SUPPLIED MATERIAL: Begin
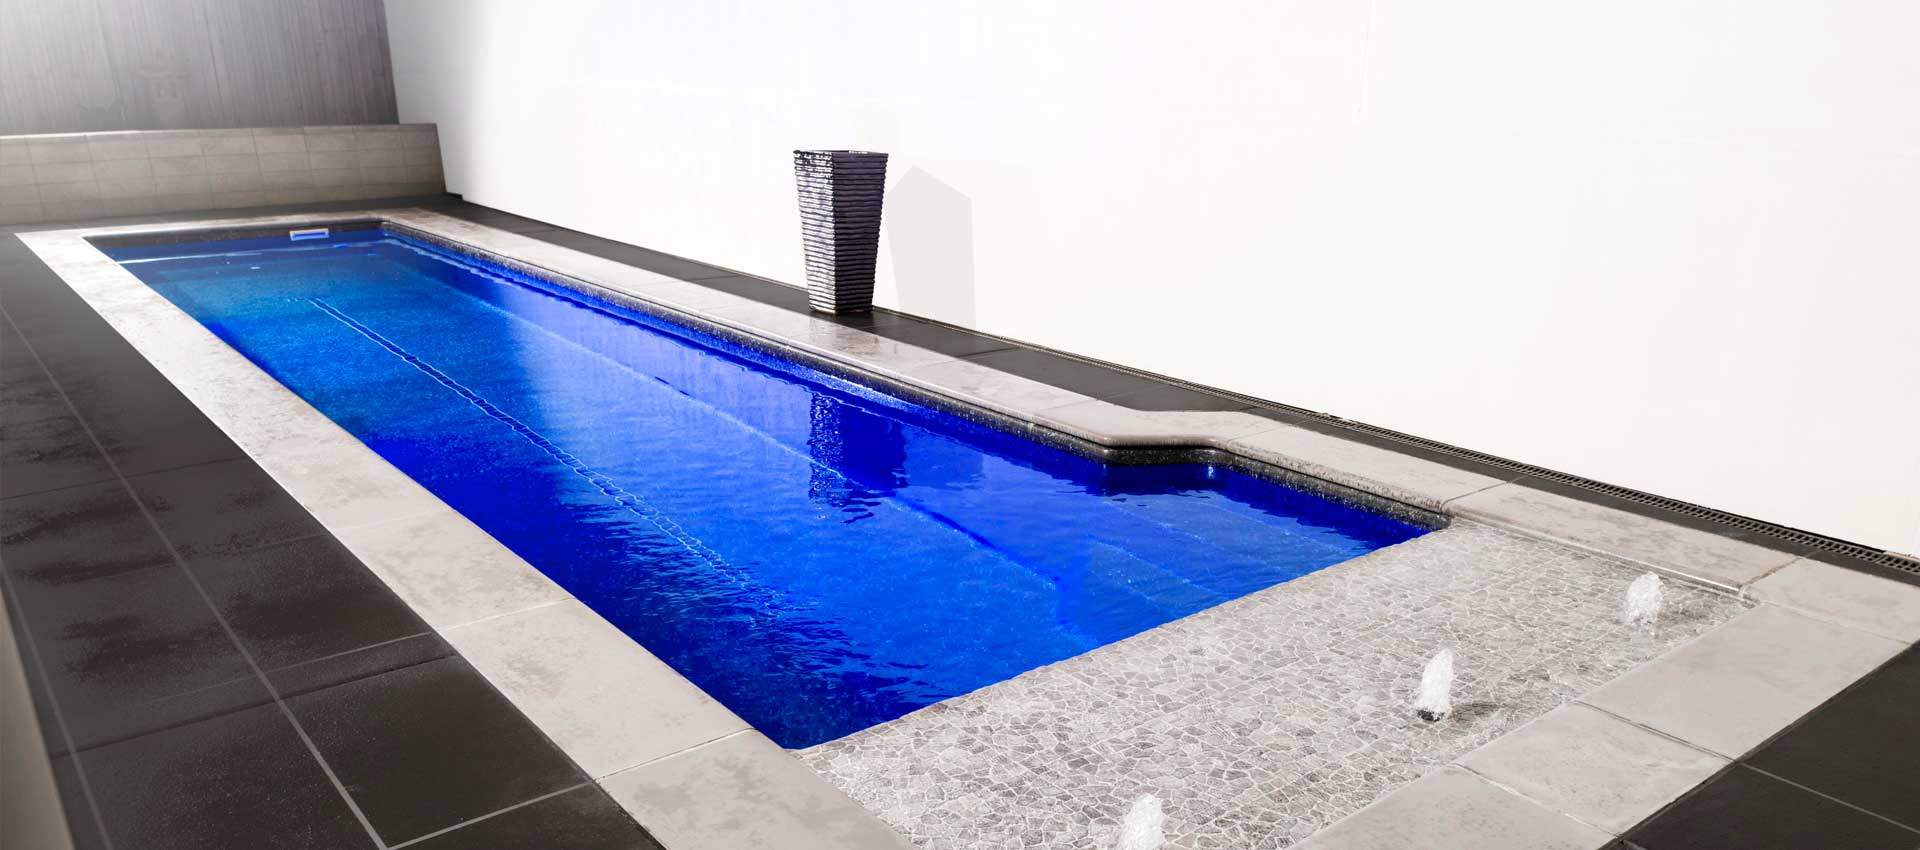 A pool for swimming at home
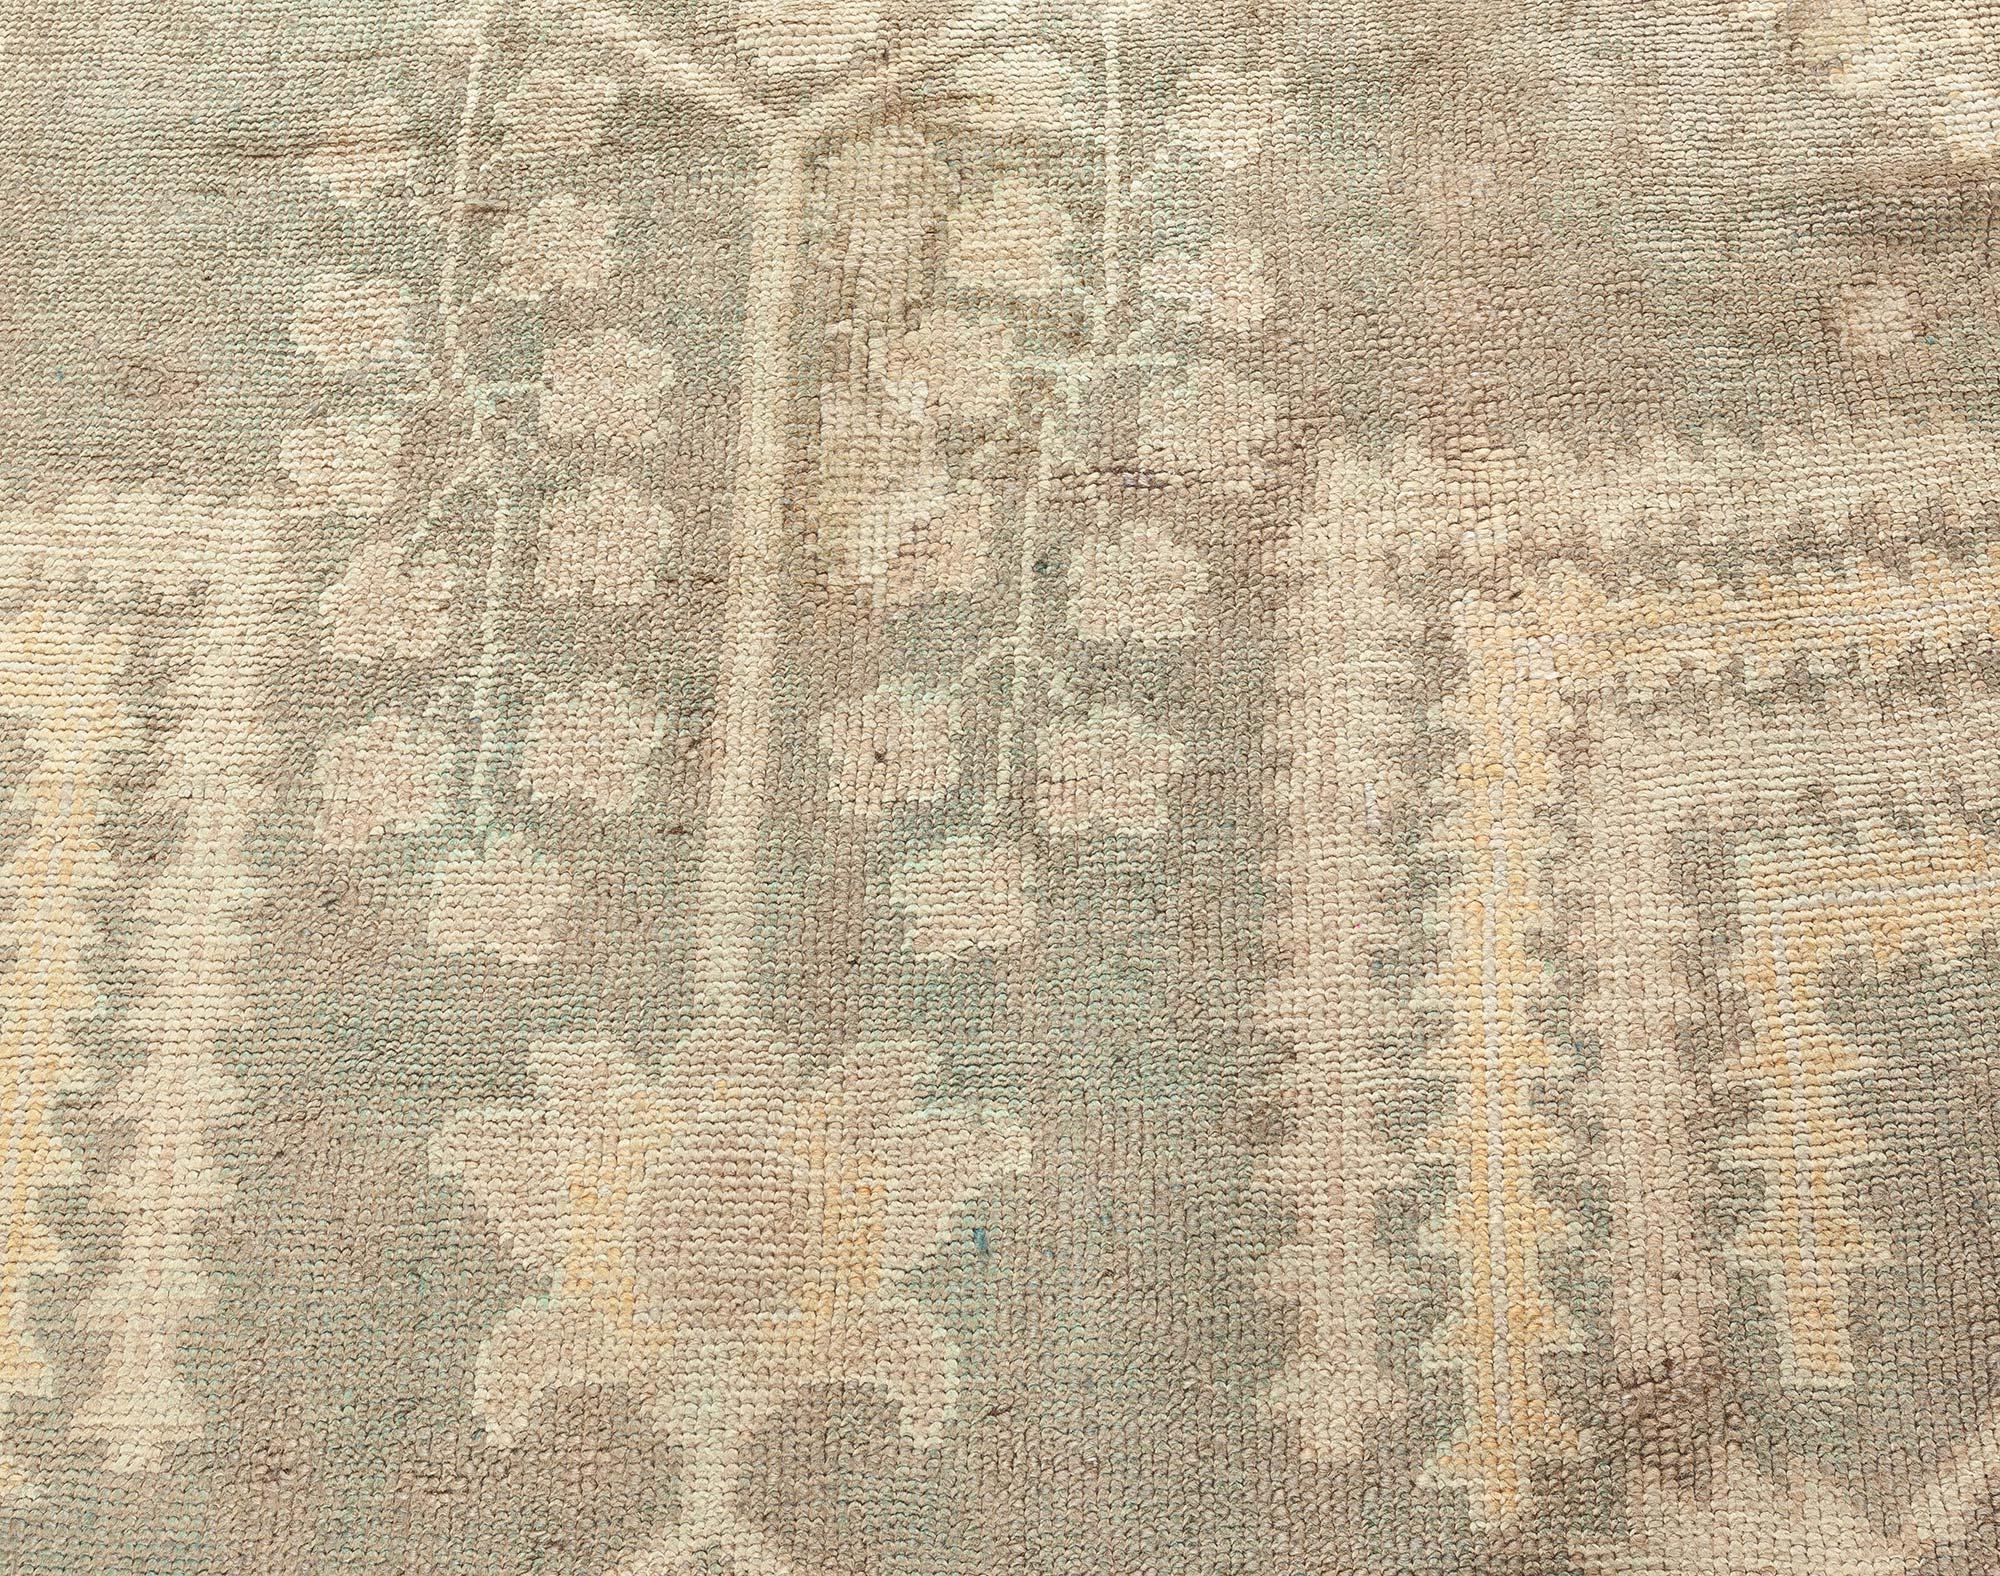 Dusty shades of yellow, beige, brown and taupe antique Turkish Oushak wool rug
Size: 14'0
SUPPLIED MATERIAL: End
EXERCISE BRIEF: Apart from the pictures, all of the data must be duplicated exactly as shown above.

EXERCISE OUTPUT:
 A pool for swimming at home
 Dusty shades of yellow, beige, brown and taupe antique Turkish Oushak wool rug
Size: 14'0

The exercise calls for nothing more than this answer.